Höing: Ich bin ein großer Freund von städtischer Komplexität und einem vielfältigen Nutzungsangebot – und genau das kann hier entstehen. Man kann vom Diebsteich aus im Jahr 2040 schnell mit dem Rad in die freie Landschaft fahren, aber man ist ebenso schnell mit dem Rad in der Stadt. Und wenn man ein bisschen fauler ist, setzt man sich in die S-Bahn oder die Fernbahn. Es wird jede Menge interessante kulturelle Bausteine geben. Vielleicht gibt es auch architektonisch interessante Häuser, in denen ich dann gerne wohnen würde, was für einen Oberbaudirektor wichtig ist – auch wenn 2040 noch so lange hin ist, dass ich gar nicht ausrechnen kann, ob ich dann noch im Amt bin. Ich hoffe, dass es ein etwas unkonventioneller Ort sein wird. Und dann komme ich auch gut nach Eimsbüttel. Heute gibt es dazwischen noch einen Ort, der sich zwar Eimsbütteler Marktplatz nennt, aber bei dem man selbst mit großer Phantasie keinen wirklichen Marktplatz erkennt. Für diesen sehr komplexen Ort brauchen wir Planer und Planerinnen noch einen etwas längeren Atem, aber bis 2040 ist auch noch ein bisschen Zeit.

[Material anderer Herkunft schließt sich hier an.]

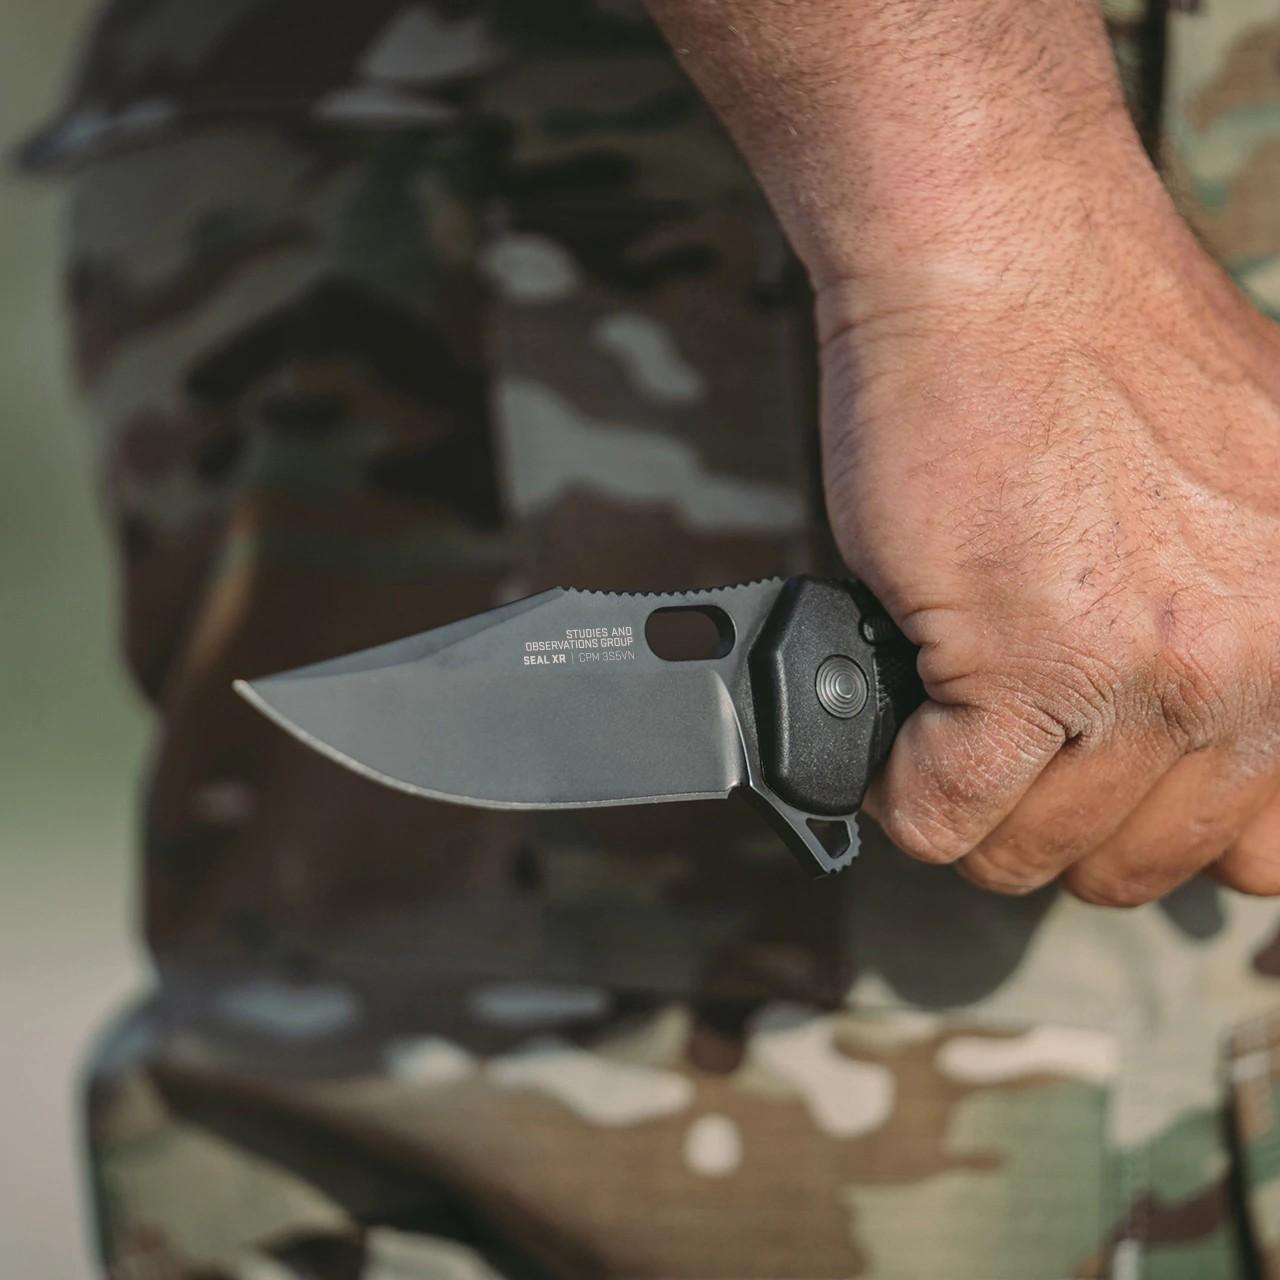 SOG KNIVES DEBUTS THE SEAL XR FOLDER KNIFE

Gerdelmann: Also wenn ich 2040 noch Fahrrad fahren kann, radle ich durch das Gebiet in den Volkspark, um mir einen schönen Nachmittag zu machen. Abends auf dem Rückweg höre ich ein Konzert in einem Club oder genieße gute Angebote in der Gastronomie. Das Quartier wird viel stärker als heute ein Teil von wichtigen Wegebeziehungen zwischen den Hamburger Stadtteilen – vor allem mit dem Rad.